Food for thought


One of the astonishing things I find as I go around the country meeting members, is the general unawareness or misunderstanding of basic contract law.
We builders use contracts all the time, and it’s important we understand what they mean for our businesses and how we make best use of the contract terms and conditions to ensure our business’ sustainability and profitability.

The basic elements of contract law are not that hard to follow. At its simplest a contract is a legally binding arrangement between two parties that creates enforceable rights and obligations, and they provide certainty on which businesses can act and allocate risk.

This is very well explained in the RMBF Business Best Practice book (below), so make sure you and your staff have a copy available for day-to-day reference.
The RMBF Business Best Practice book (below) can be purchased from the RMBF for $39.95 + GST and postage. To order call Kathy on 0800 762 328 or email [email protected].

A case in point

There is a legal case which, though not included in the book, was first brought to the attention of RMBF members in 1987. I thought it was well worth reviving it from the archives.
Does the contractor have to follow specification, or produce a result?

In the case of Cable (1956) Ltd v Hutcherson Bros PTY Ltd (1969), the client (Cable) called tenders for the construction of the storage bins on reclaimed land.
The contractor tendered for, and won, the contract.

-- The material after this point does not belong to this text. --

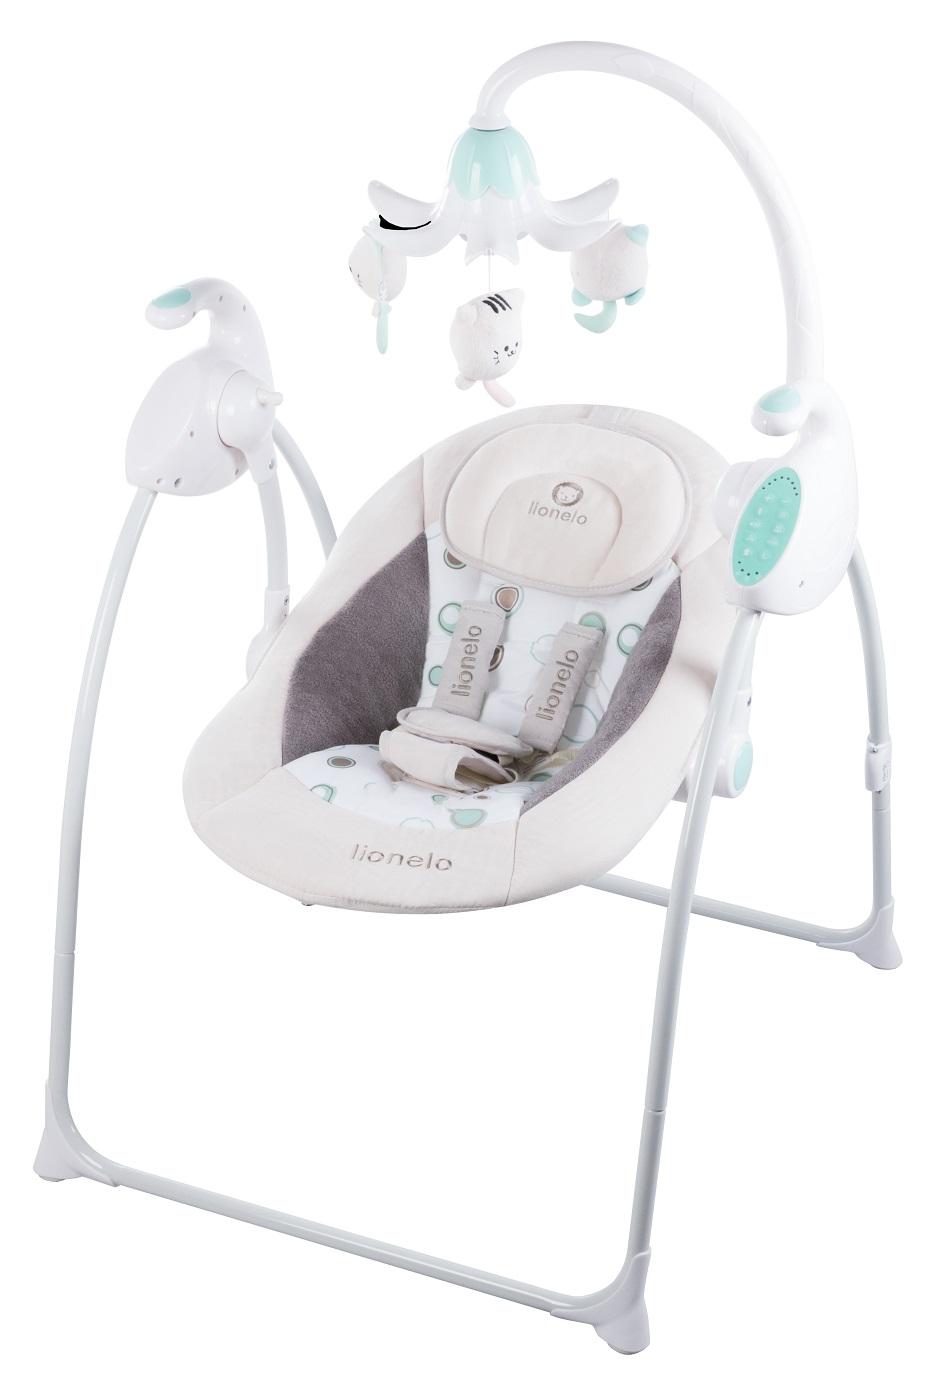 Lionelo Robin braun elektrische Babyschaukel Schaukel Wippe ...

However, alterations were made to the drawings of the foundation both before and after the date of acceptance of the tender.

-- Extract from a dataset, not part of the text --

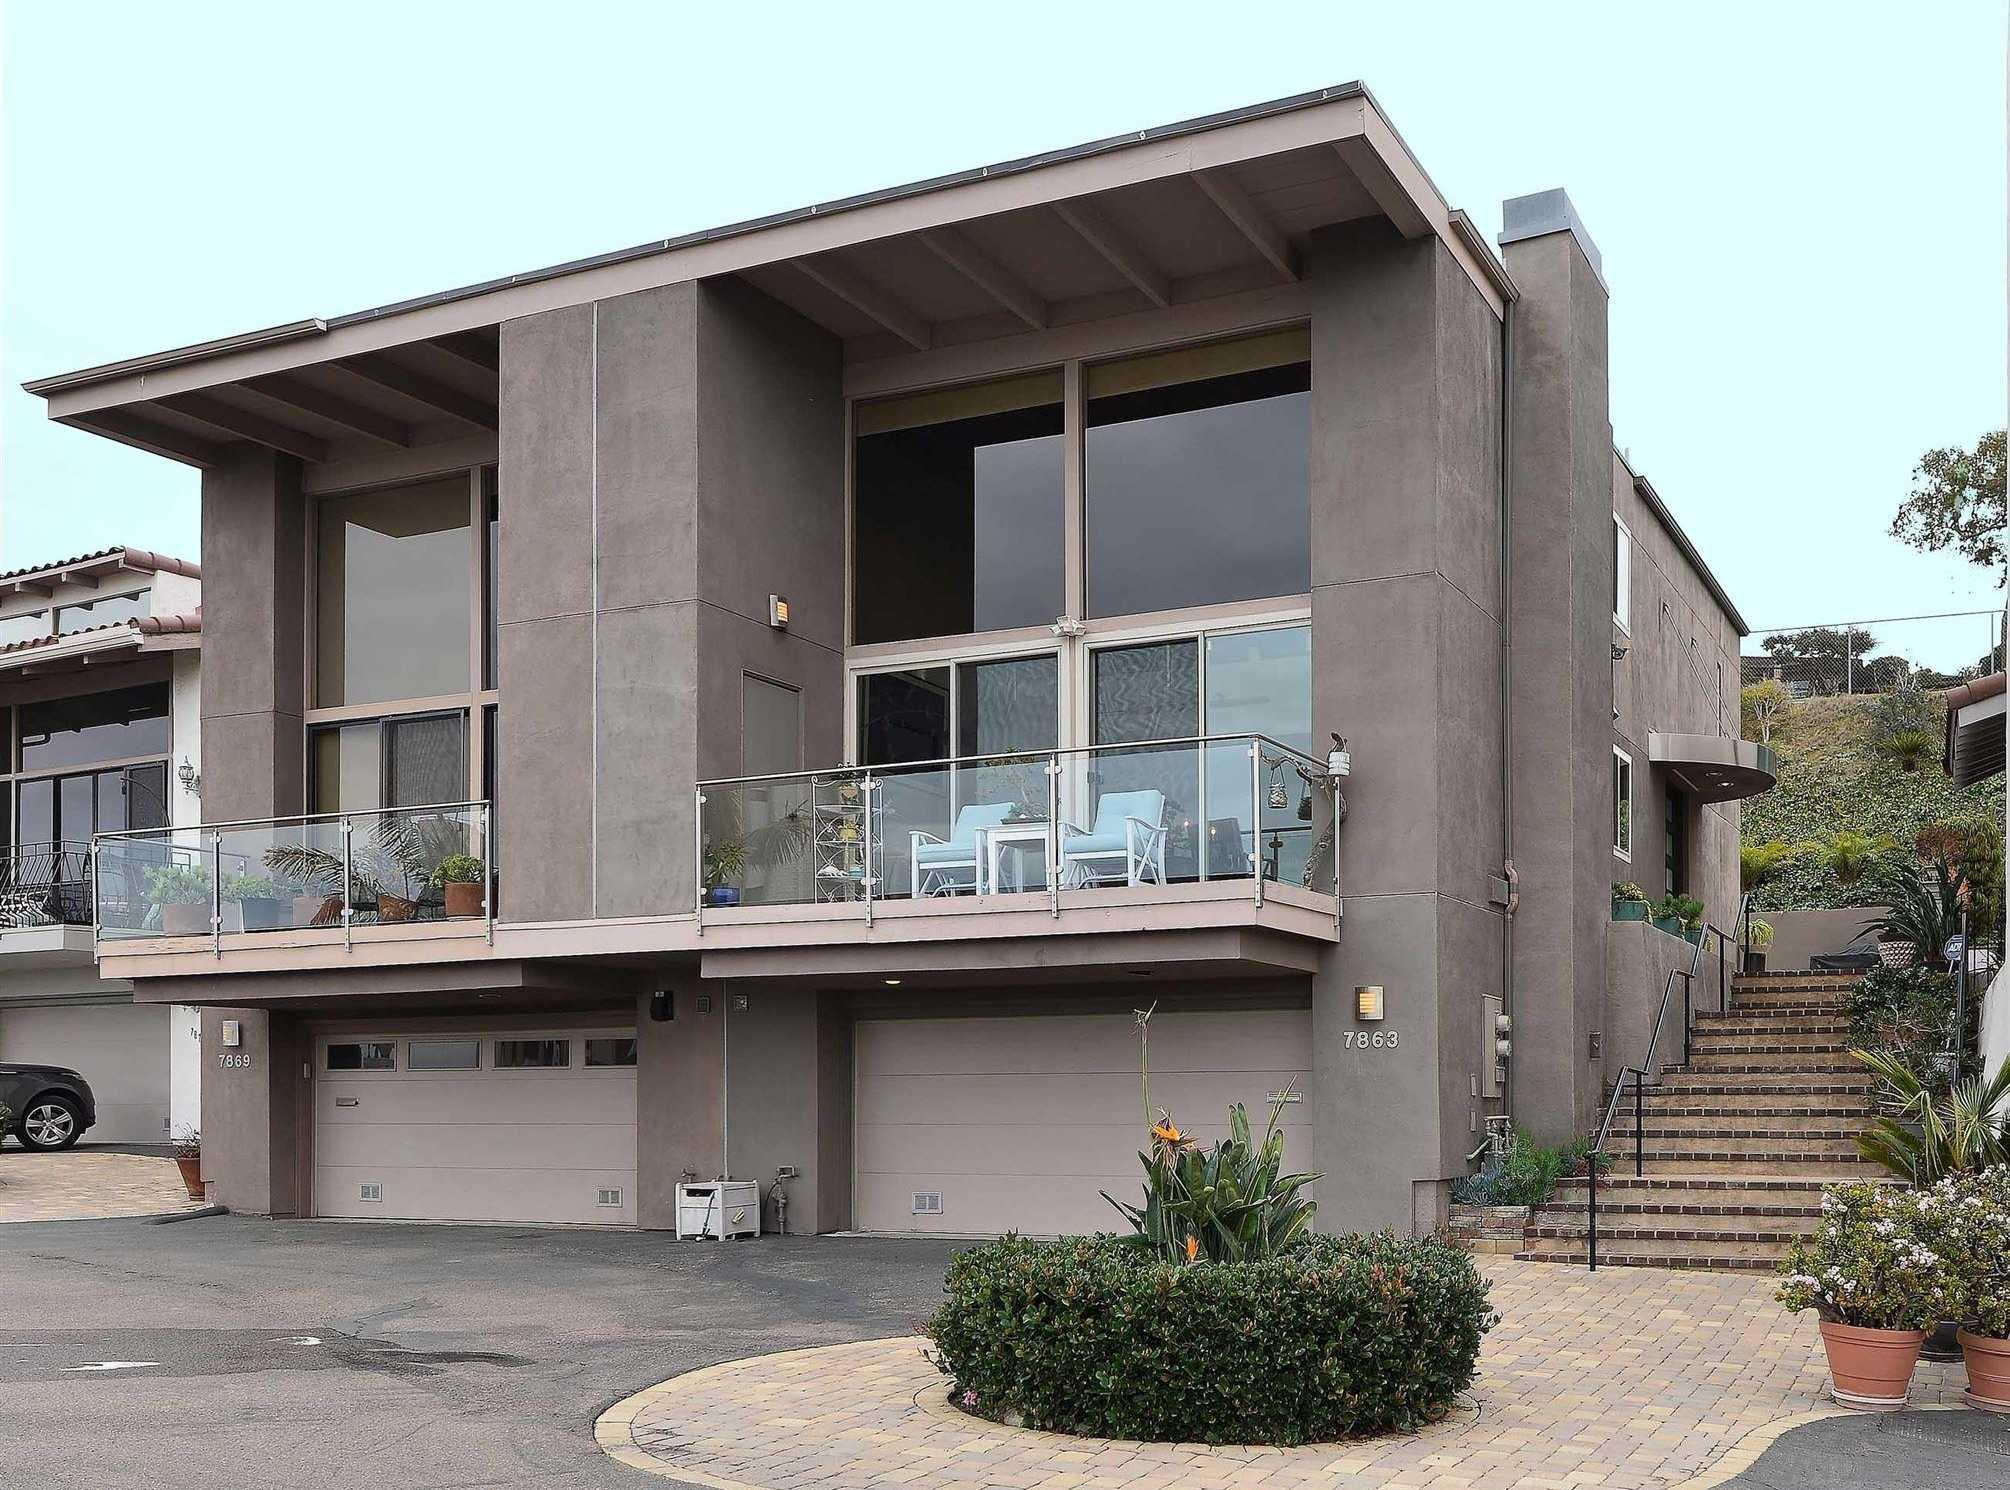 $1,875,000 - 3Br/2Ba -  for Sale in La Jolla Shores, La Jolla

An Articles of Agreement signed after the acceptance of the tender date contained the agreement that the contractor was to execute the works shown on the contract drawings and described in the specifications, in a workmanlike manner.

The foundations were then found to be inadequate, and the client purported to cancel the contract when the contractor refused to do the piling work required to secure the bins. The contractor then referred the matter to arbitration.

The arbitrator found that the work referred to in the plans was carried out by the contractor in accordance with the plans and in a workmanlike manner. He found that under the agreement between the parties, the contractor was not required to erect bins otherwise than according to the plans.

He stated as a question to the court whether the contractor was liable for the efficient operation of the storage bins.
The client was of the belief that the cost of piling the foundation of the bins was the contractual responsibility of the contractor, and that it was the promise of the contractor to produce a result — that is, that storage bins that would operate and carry out the client’s scheme or project.

The client also relied on a “basis for tender” clause whereby the tenderer guaranteed the efficient operation of the plant for a 12-month period.
The High Court on Appeal agreed that the “basis of tender” clause in the specification was only a step preceding the agreement. Even if it was part of the agreement, it was still not operative.

Thus, the High Court ruled that the contractor was not liable for the efficient operation of the plant. The contractor had promised no more than to carry out the specified work in a workmanlike manner.
As the arbitrator had ruled that this had been done, the appeal by the client was dismissed.